Chapter 6



01  02  03  04  05  

06  07  08  09  10  

11  










A Spectrogram Demo

Speech Synthesis Research @ ICP

Before creating rules to control a speaking machine, it was necessary to develop methods of reproducing a human speech signal. At the turn of the century, two devices could convert an acoustic speech signal (air vibrations) into an electrical signal by a microphone and change an electrical signal back to an acoustic signal through a loud speaker. The two devices -- the telephone for speech transmission and the phonograph for speech or sound storage and playback -- could store or transmit the signal but could not manipulate or alter it much. Operators could distort the signal or equalize it by boosting or reducing the bass or treble but could not convert the sound of one phoneme into another or change the pitch without changing the speed of the speech and its spectrum. To attain this flexibility, it was necessary to have independent control over the excitation of the signal, the pitch, the loudness, and the spectrum.

In 1951, an attempt to recreate human speech with an electrical device that controlled a variable spectrum used a black-and-white version of the sound spectrogram. As the spectrogram is a visual recording of a sound signal, F.S. Cooper, A.M. Liberman, and J.M. Borst used light to generate the speech. Their machine consisted of a light source and a rotating wheel of fifty concentric circles of variable densities -- to generate the different harmonics of the source signal. The light beams representing the different harmonics were aimed at the appropriate regions of a sound spectrogram. The intensity differences of the lines in the sound spectrogram varied the amount of light transmitted as the spectrogram moved through the beams. The light was converted to an electric current, then converted again, to an acoustic signal, by a speaker. In this way, the machine was able to speak the information encoded in the sound spectrogram.

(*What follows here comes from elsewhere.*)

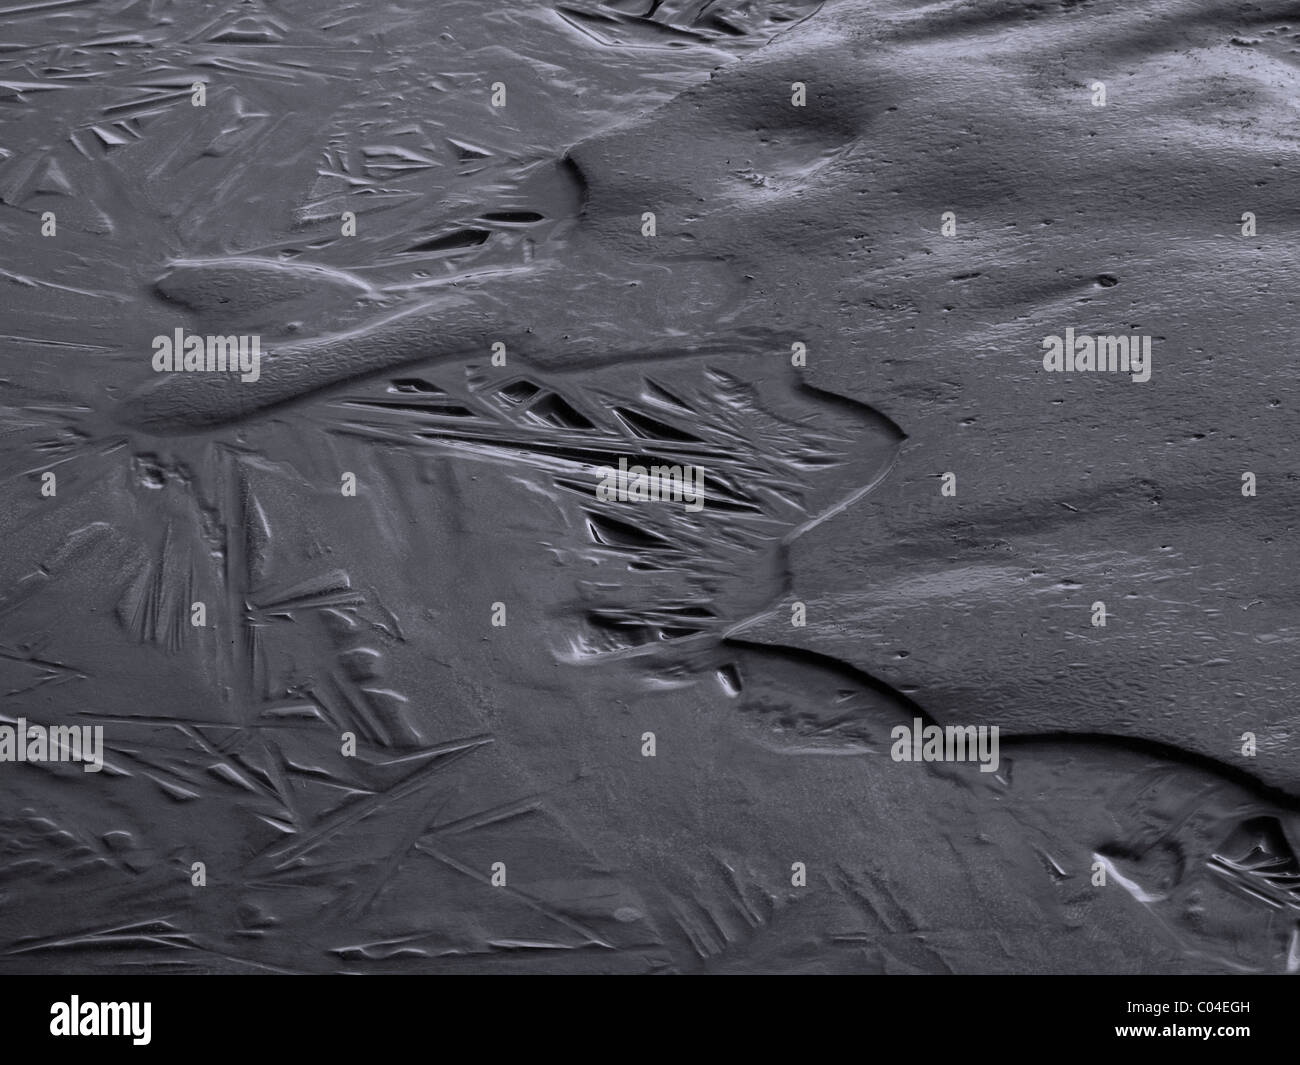 Ice like a metal - Stock Image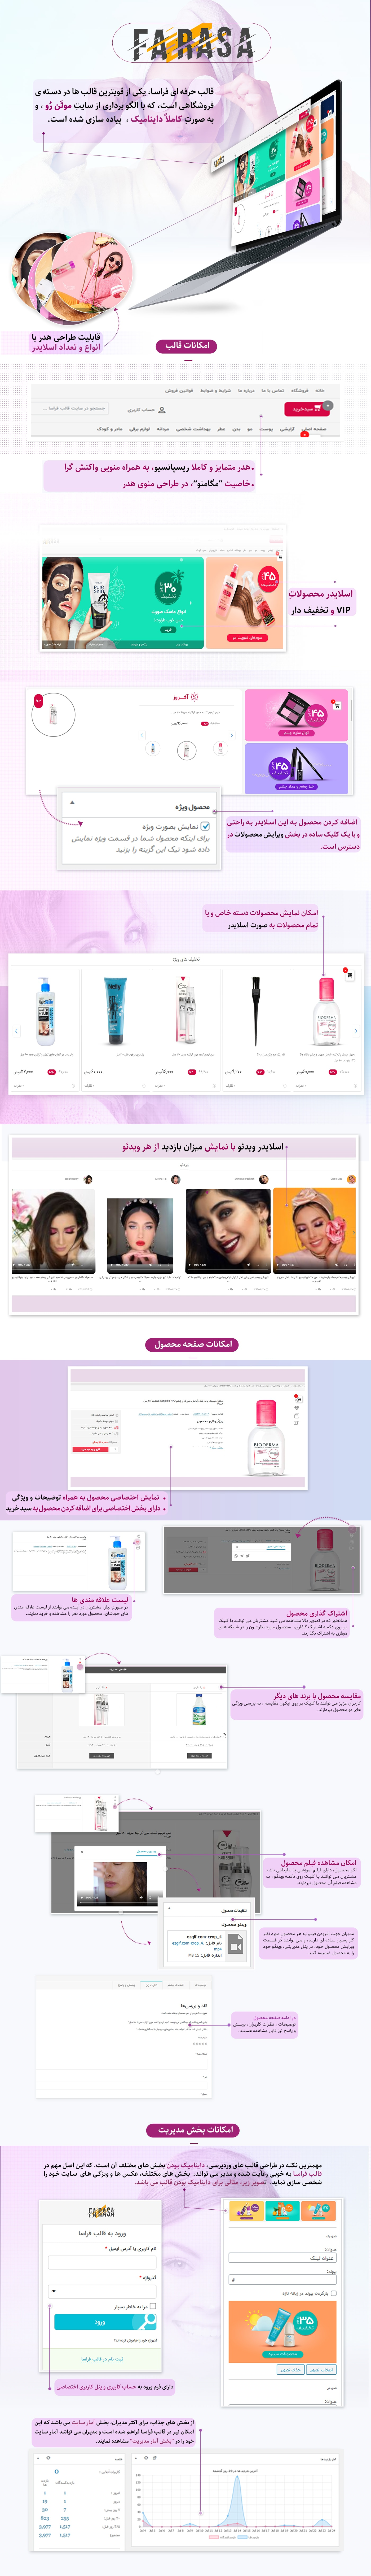 90025 7493bcb2563923056da632cf6 - قالب فراسا، پوسته فروشگاهی ایرانی farasa

The device proved that speech could be generated electrically by a machine using time-varying parameters to control a spectral filter (as in figure 6.2). However, the ultimate aim of the project to build a speaking machine was to generate speech by defining a set of rules, not just to reproduce previously spoken utterances. A major obstacle to using a spectrogram reading machine as a component of such a machine is its need for fifty different control parameters to reproduce speech. Generating speech by creating rules to control fifty different parameters is too complex. We needed a simpler model for controlling the time-varying spectrum component of a synthesizer.

Experiments had shown it is possible to produce speechlike sounds with a system of coupled resonances. J. Holmes experimented with recreating speech by controlling the frequencies of the resonances. First, he carefully analyzed short speech segments and manually determined the formant values for each such short segment. He then applied the data gathered from his analysis to the speech signal. Holmes's experiment demonstrated that if we could predict how formants change over time into a desired phoneme sequence, we could program a machine to speak. Since then, several researchers have introduced techniques for automatically analyzing the parameters that control the time-varying spectral filter. These techniques are extremely useful for encoding speech at a reduced storage and transmission rate and have provided a basis for studying methods of creating rules for generating speech by machine.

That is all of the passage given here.